I wasn't looking at the glasses, but at the people talking. I felt the glasses fold under my hands. My first thought was that the temple had simply folded in, but that couldn't be right... I looked down.
My glasses had broken in half, snapped cleanly at the center of the bridge.
Luckily, I really only need my glasses for reading, working on the computer, and driving. I can see just fine for anything else. (I can even read and work on the computer without them, but it gives me a bit of a headache.) I laughed over the strangeness of it, showed the pieces to Matt and Grampa, and didn't worry about it too much. I figured I'd repair them with crazy glue and/or tape when we got back to Gramma and Grampa's house - I'd look like the quintessential nerd, but it would do until I got back to Williamsburg and could make an appointment with an optometrist. (It's been two or three years since my last vision checkup anyway, so it was overdue.)
Grampa went one better: He soldered my glasses back together. It's not very pretty, but it's holding them together pretty well. I still called an optometrist yesterday, and they had room to squeeze me in yesterday afternoon.
The machine that tests peripheral vision was kindof strange. I'd done one of these tests before, so I knew more or less what to expect, but this one talked to me as I punched the little clicker. Click... click... click... "You're doing fine." Click... click... click... click... "You're doing great!" Click... click... click... "Almost done." It said something about every twenty clicks, and I clicked almost a hundred times for each side.
(By the way, the doctor told me I have excellent peripheral vision.)
I'm an extremely low risk for whatever it is they check when they dialate your eyes, so he didn't dialate mine, which was fine with me. I hate those drops they use for that - it stings. He did put in some drops to numb my eyes, for the glaucoma test, and that about killed me. I hate having anything even near my eyes (I have to close my eyes to put my glasses on, and put drops in the corner of my eyes and let them wash over, rather than right into the eye) and the glaucoma test involves touching this little rod thing right to the iris of your eye. It didn't hurt (that's what the numbing drops are for) but he had to try about twelve times before he could get through my wince. I was right on the verge of full panic mode. My last eye doctor had a test that used a puff of air. That was physically less pleasant, but didn't invoke my eye fear. (Nope. No contacts for me.)

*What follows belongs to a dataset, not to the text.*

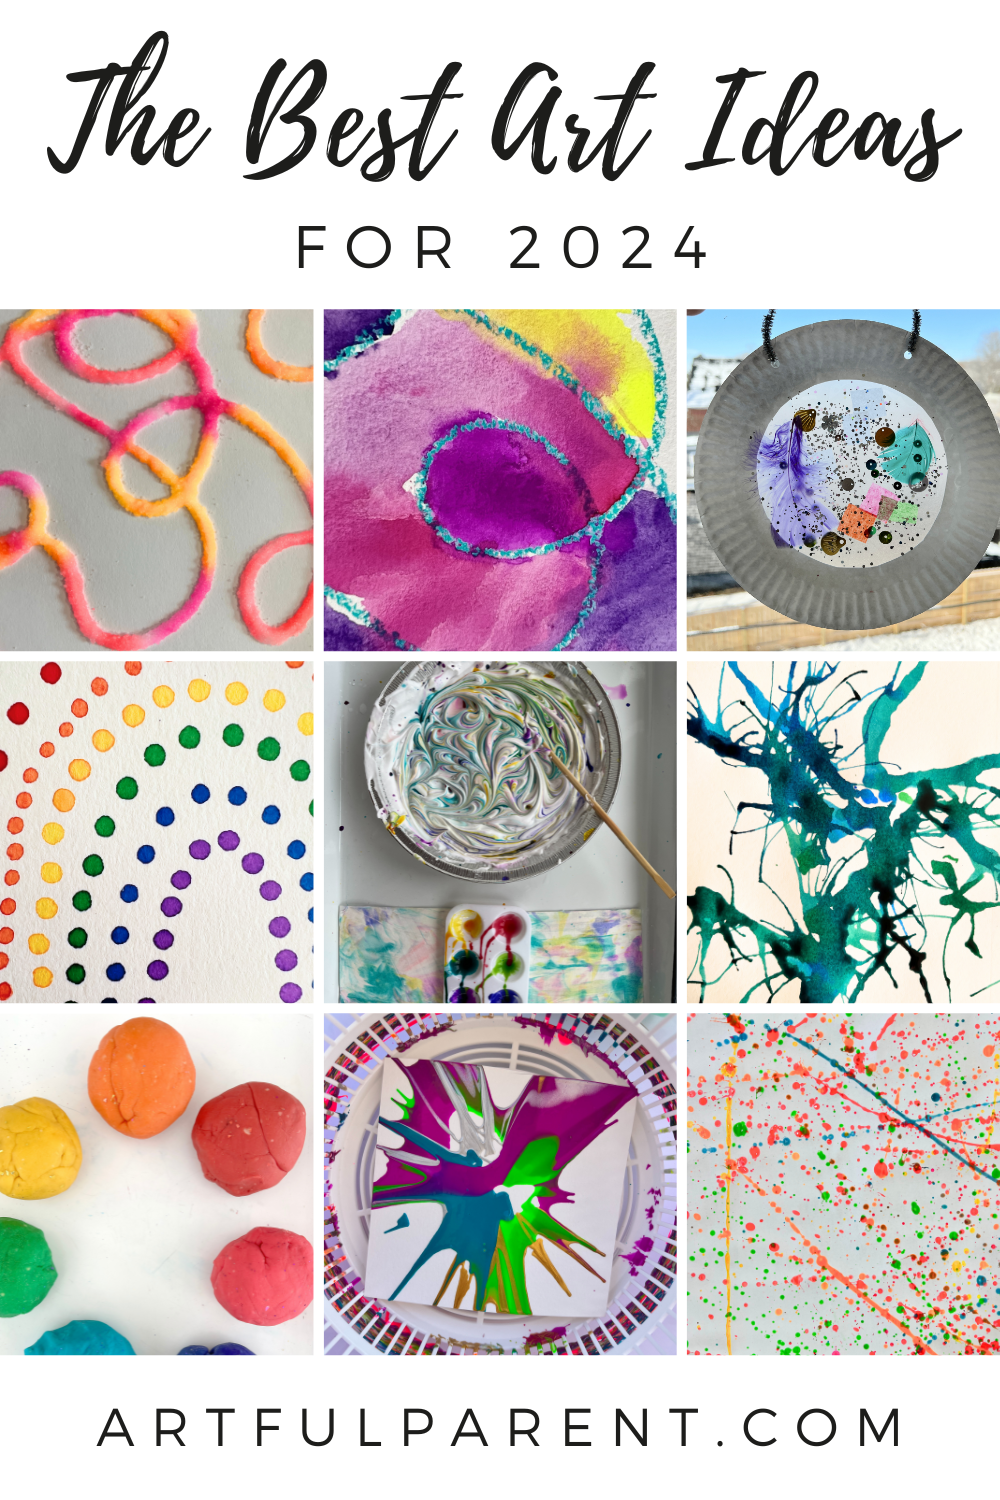 The Best Art Ideas for 2024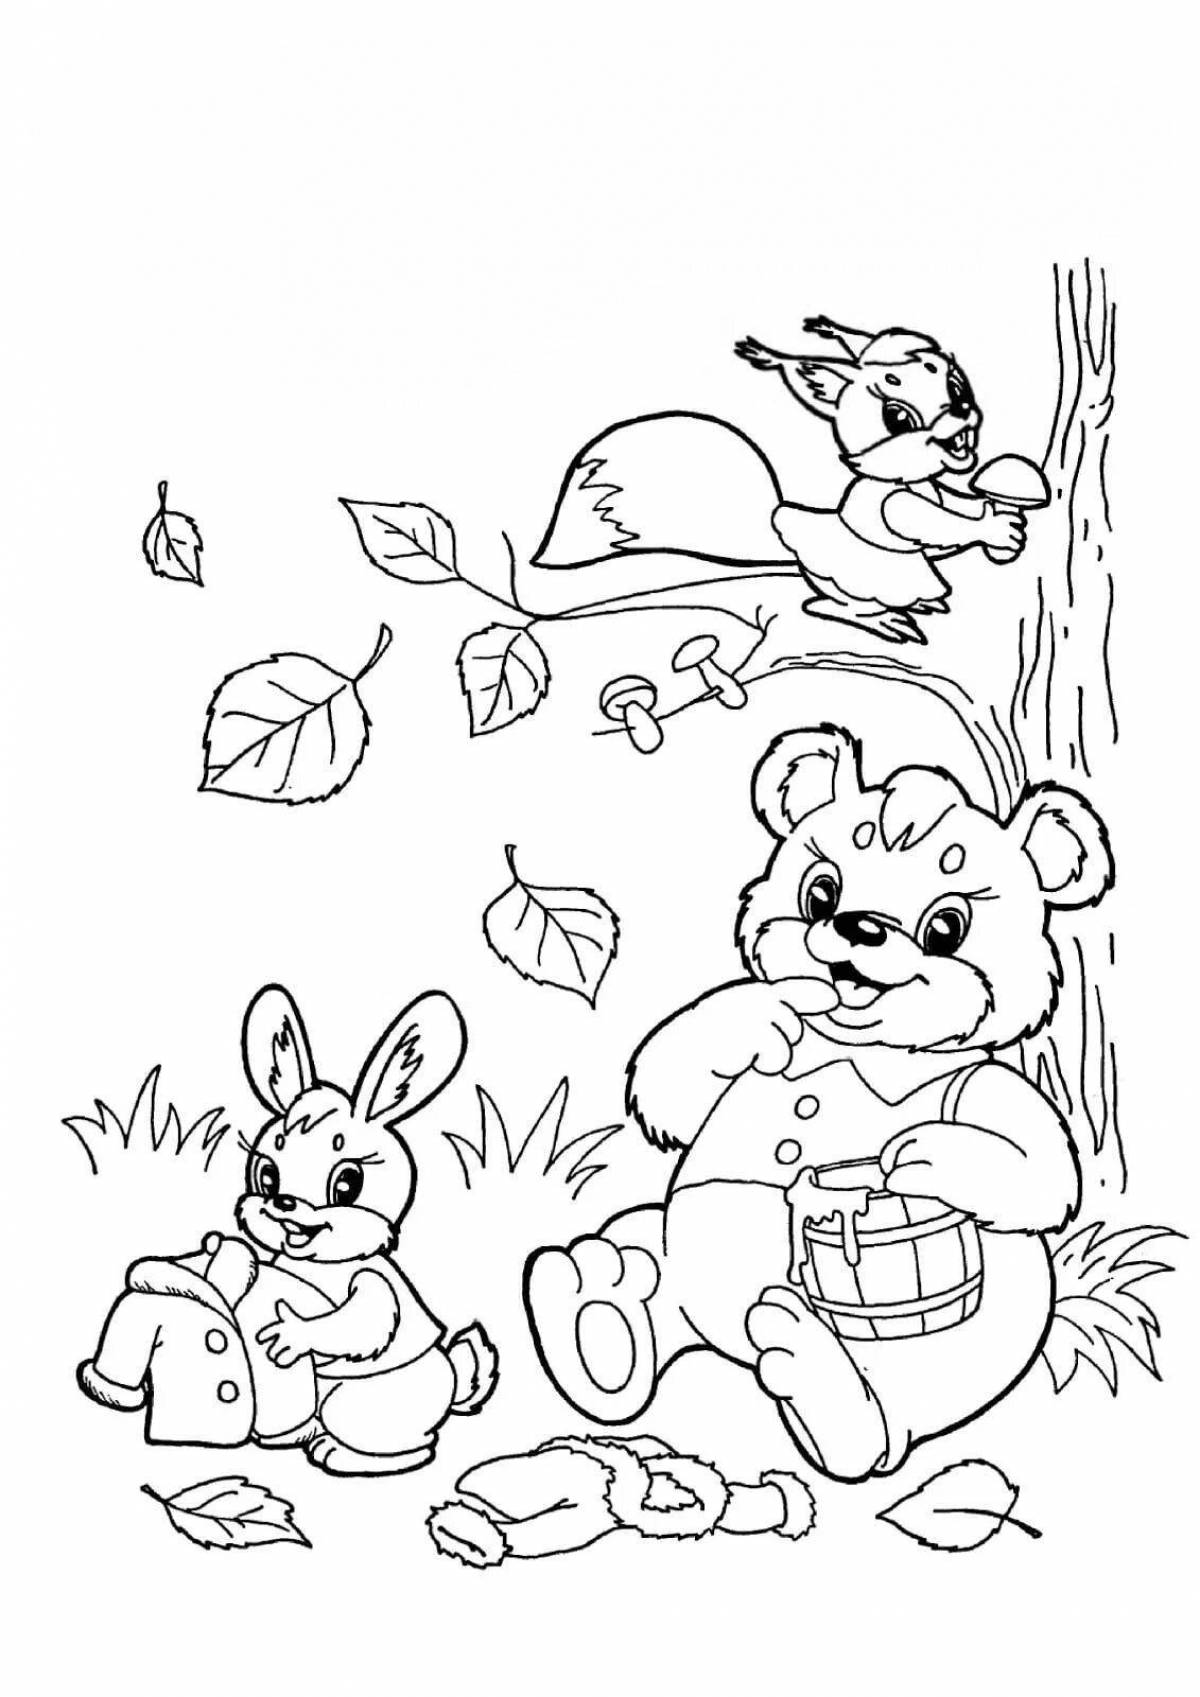 Coloring book bright hare and squirrel

In any case, he implied that wearing my glasses all the time instead of just for reading and using the computer had made my vision worse, and told me my current glasses were actually a little too strong for far-sight activities like driving. The astigmatism in my left eye has gotten significantly worse, so he changed my prescription, and sent me out to talk to the people with the frames.
The lady sat me at a table while I was still rubbing the numbness in my eyes, and asked what I wanted. "Well," I told her, "I want something smaller and lighter than what I've currently got, I'm very interested in clip-on sunglasses, and I'm allergic to metals." I thought this would be a tall order.
"Oh, you're going to be easy!" she exclaimed, and went off to collect some frames for me to try.
She came back with about half a dozen titanium frames. I commented on the expense, and she nodded sympathetically, but explained that the clip-on sunglasses only come on wire frames, not plastic ones, and promised that the titanium wouldn't trigger my allergies or break nearly as easily as my current set did.
Well, okay. I'd hated painting fingernail polish on the metal parts of my glasses anyway. I narrowed down the bunch she brought me until I'd picked out the ones I thought looked the best. $309. Before lenses.
In the meantime, the lady behind the counter can't get my insurance company's automated system to recognize my social security number. I had to pay up front for everything, and then file a claim with my insurance company to get back whatever I can. (My insurance does cover glasses - a pair of frames every two years and a pair of lenses every year, up to $200, I think.) All I can say is, the insurance company had bloody well better pay up. They increased my premiums last month.
Word of the Day: leitmotiv - a dominant recurring theme; in music, a recurring phrase associated with a person or idea, esp. in Wagnerian drama.
Well, there you go. Eyes have been the leitmotiv of this journal since I started it, and now I've done an entire entry on my eyes. Hope you've enjoyed the redundancy. (By the way, in case you're wondering, I completely forgot to get any pictures to expand the Other Eyes page while I was on vacation. Every time I remembered it, it was an inconvenient time, and then I forgot again by the time it was convenient. Argh.)